Cependant chaque collectivité a son mode de fonctionnement développé en fonction du contexte, mais toujours dans une optique de resserrement. Un grand nombre de collectivités disposent de moins de 1% d’évolution de budget, ce qui correspond à des suppressions de postes.
Nous devons donc répondre à une double contrainte : stabiliser nos effectifs et dans le même temps, moderniser notre fonctionnement. Sur ce dernier point, il s’agit d’adapter nos horaires d’ouverture aux usagers, d'optimiser nos services afin de les rendre plus efficaces. Ces deux objectifs de stabilisation et de modernisation sont difficiles à déployer ensemble. Dans les années à venir, la réponse pourrait venir de la mutualisation entre collectivités, de la synergie pour aménager, moderniser, rationnaliser les besoins, notamment informatiques et RH.
Par ailleurs, le contexte de crise aggrave des tensions déjà sous-jacentes, notamment sur la question des conditions de travail. Pour les managers, une réflexion s’impose concernant les outils de management de gestion des ressources humaines. Nous devons entamer une réflexion sur la responsabilité sociale des collectivités en tant qu’employeur, construire des cadres collectifs.

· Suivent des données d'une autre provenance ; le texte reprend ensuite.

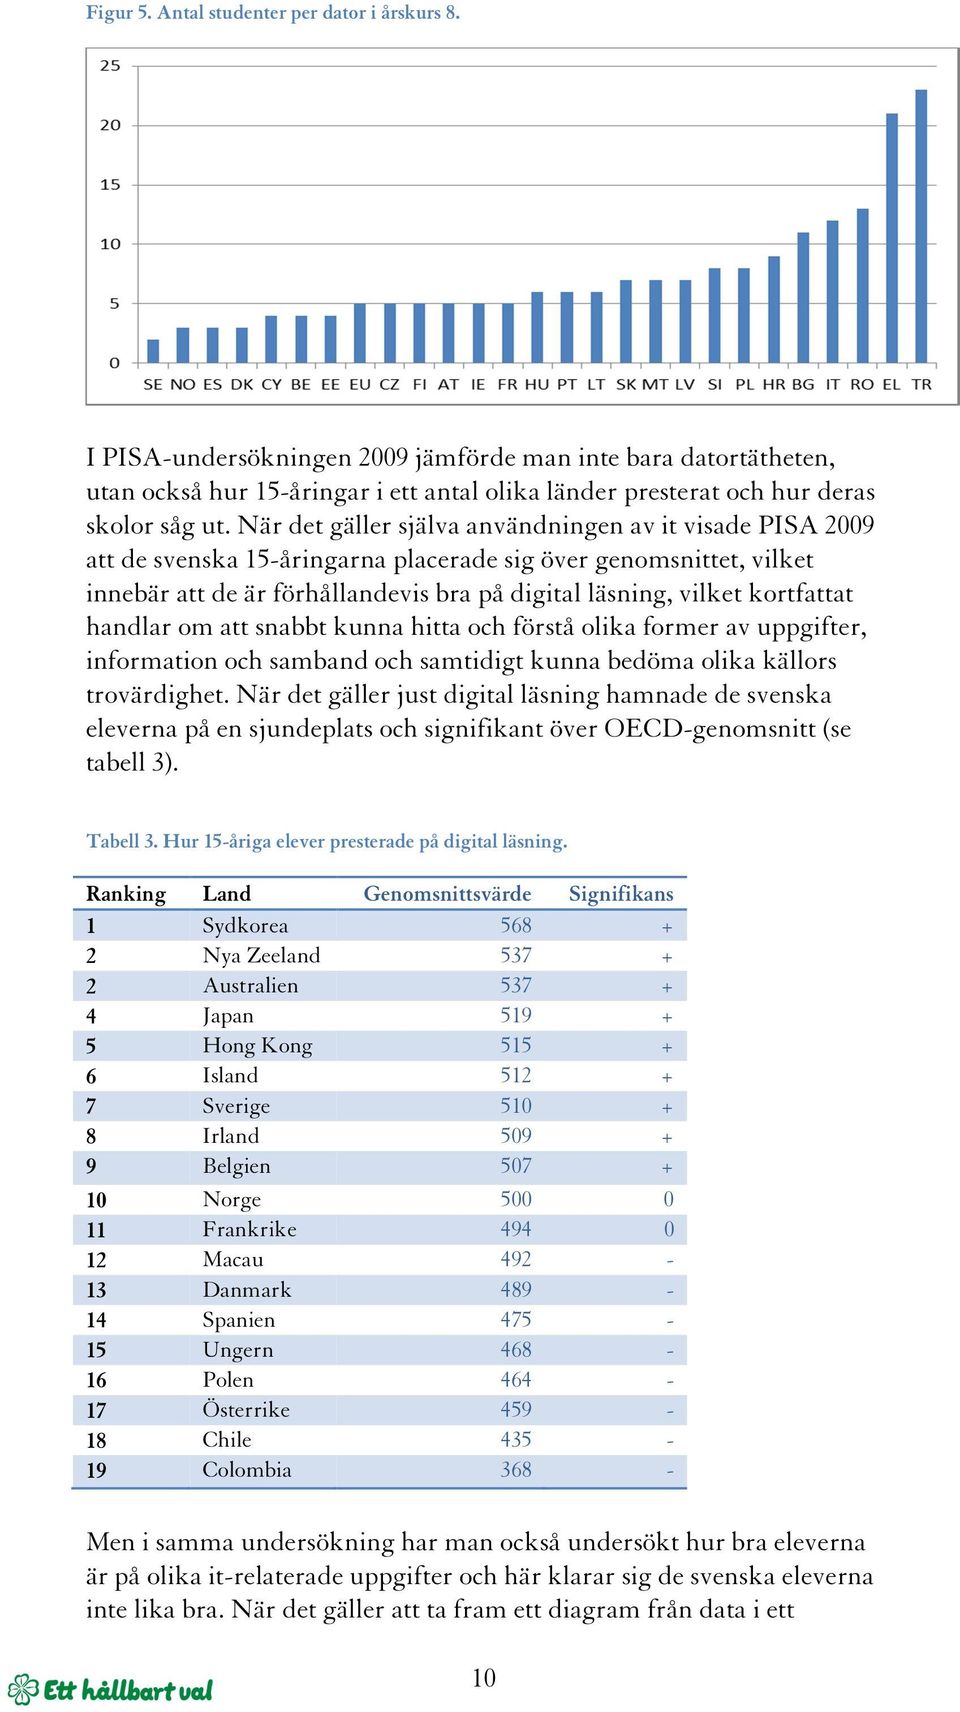 När det gäller själva användningen av it visade PISA 2009 att de svenska 15-åringarna placerade sig över genomsnittet, vilket innebär att de är förhållandevis bra på digital läsning, vilket

Ces dernières années, nous avons beaucoup mis l’accent sur l’individualisation avec des outils comme l’entretien annuel par exemple. Mais on constate que le projet commun de la collectivité n’est pas toujours bien partagé. Maintenant nous devons donc absolument travailler sur le collectif, construire des règles collectives lisibles pour tout le monde avec comme objectifs : la lisibilité des fonctionnements RH et la prévention des risques psychosociaux.
Jean-Robert Jourdan :
Le contexte actuel et, en particulier, pour les départements et les régions est posé depuis de nombreuses années et correspond à une stratégie de raréfaction des ressources. Cette stratégie est incarnée par la sous-compensation des charges de solidarité nationale transférées, par la suppression de la taxe professionnelle mise en œuvre sur le budget 2011, mais aussi par le gel des dotations de l’Etat aux collectivités depuis 2011 et par la quasi-disparition du pouvoir fiscal des départements et des régions.
Dans ce contexte, la réponse a bien sûr été la mise en œuvre d’une stratégie de maîtrise des coûts, une révision des méthodes de gestion, et, par conséquence directe, une stratégie de maîtrise des effectifs. Afin de répondre à la fois aux enjeux de développement territorial et à cette nécessaire maîtrise des coûts, les collectivités ont mené un travail de réorganisation et effectué des choix politiques afin de diminuer certains postes pour en maintenir d’autres. Ainsi actuellement, la priorité est d’allouer des ressources aux services publics de premier rang en contact direct avec les usagers. L’un des rares secteurs où nous créons des postes demeure ainsi le secteur de la protection de l’enfance dont les besoins augmentent en période de crise. Toutefois, aujourd’hui nous atteignons la limite de cet « exercice » de maîtrise des coûts.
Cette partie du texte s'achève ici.